Actually, no. Tony hadn't posted anything immature and was professional about it. Though a sticky on the first page and RELEASE section, would have been helpful. The problem is neanderthals posting flames and self proclaimed "Professionals" not providing him support when issues like this come up, and issues like this come up with EVERY large scale and despised businesses. Tony doesn't have the resources like Microsoft or Blizzard to catch these obscure threats 100% of the time, sure his system was compromised, now he has to deal with the internal problem.

I agree that it sucks downloading a file infected with a Trojan, but to me or any real professional, it's SIMPLE to remove without having to wipe a drive and re-image a machine. If your anti-virus flagged it as infected, yet you continued to install it, then who's problem is it anyway? Surely not Tonys or his staff. An infected .exe file just, sitting on your machine, can't do anything at all until YOU execute it!




Secure Erase and re-image literally takes less than 5-10 minutes, if you're running SSD. Standard mechanical drive, well... you ought to have backups.

Suggestions for users:
Sandbox
SecureErase
Acronis

It's your job to keep your machine and network safe.

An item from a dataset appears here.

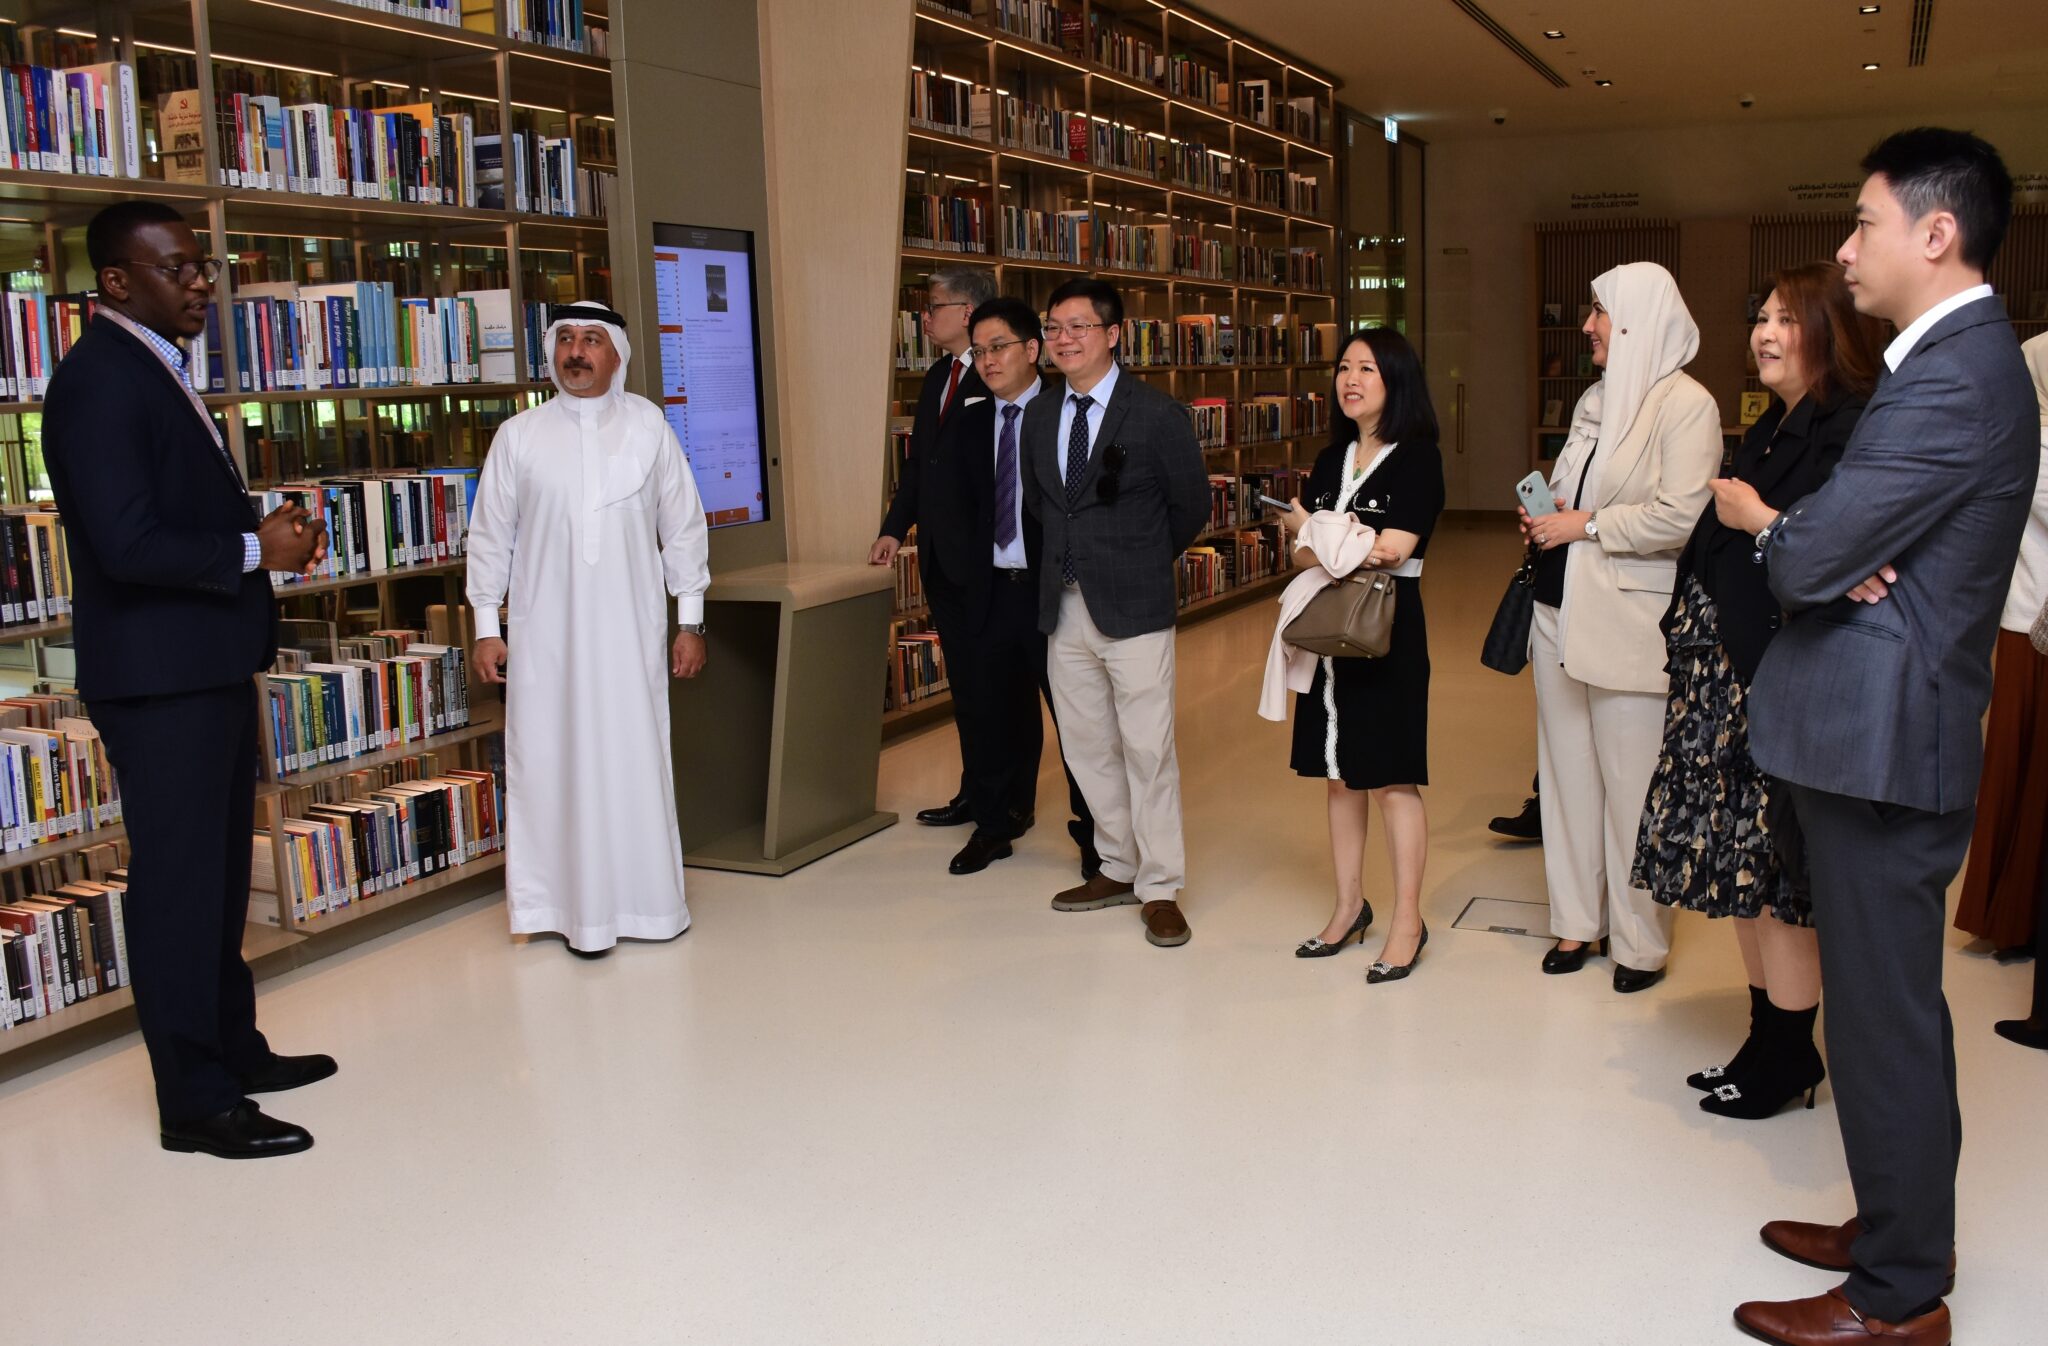 The Invest in Sharjah team guiding the delegation through an enlightening tour of the House of Wisdom

True story.

If you're worried about your passwords being compromised or stolen, then you ought to be using an encrypted vault (lastpass, etc...), or just use your brain to save that information. Common sense security.

Here is a link I use for security software (just DO NOT download from this site, go to the developers site to download!!!):
Download categories - download spyware removal and Internet privacy tools

I never said i was infected, but thanks for readin my post. If you did, you might actually find that i did put SOME useful information in there

 

[bambam922]

Annnnd this thread is going nowhere so I'm going to close it.
The current download for HB is safe.

Keep in mind that we have a giant target on our back.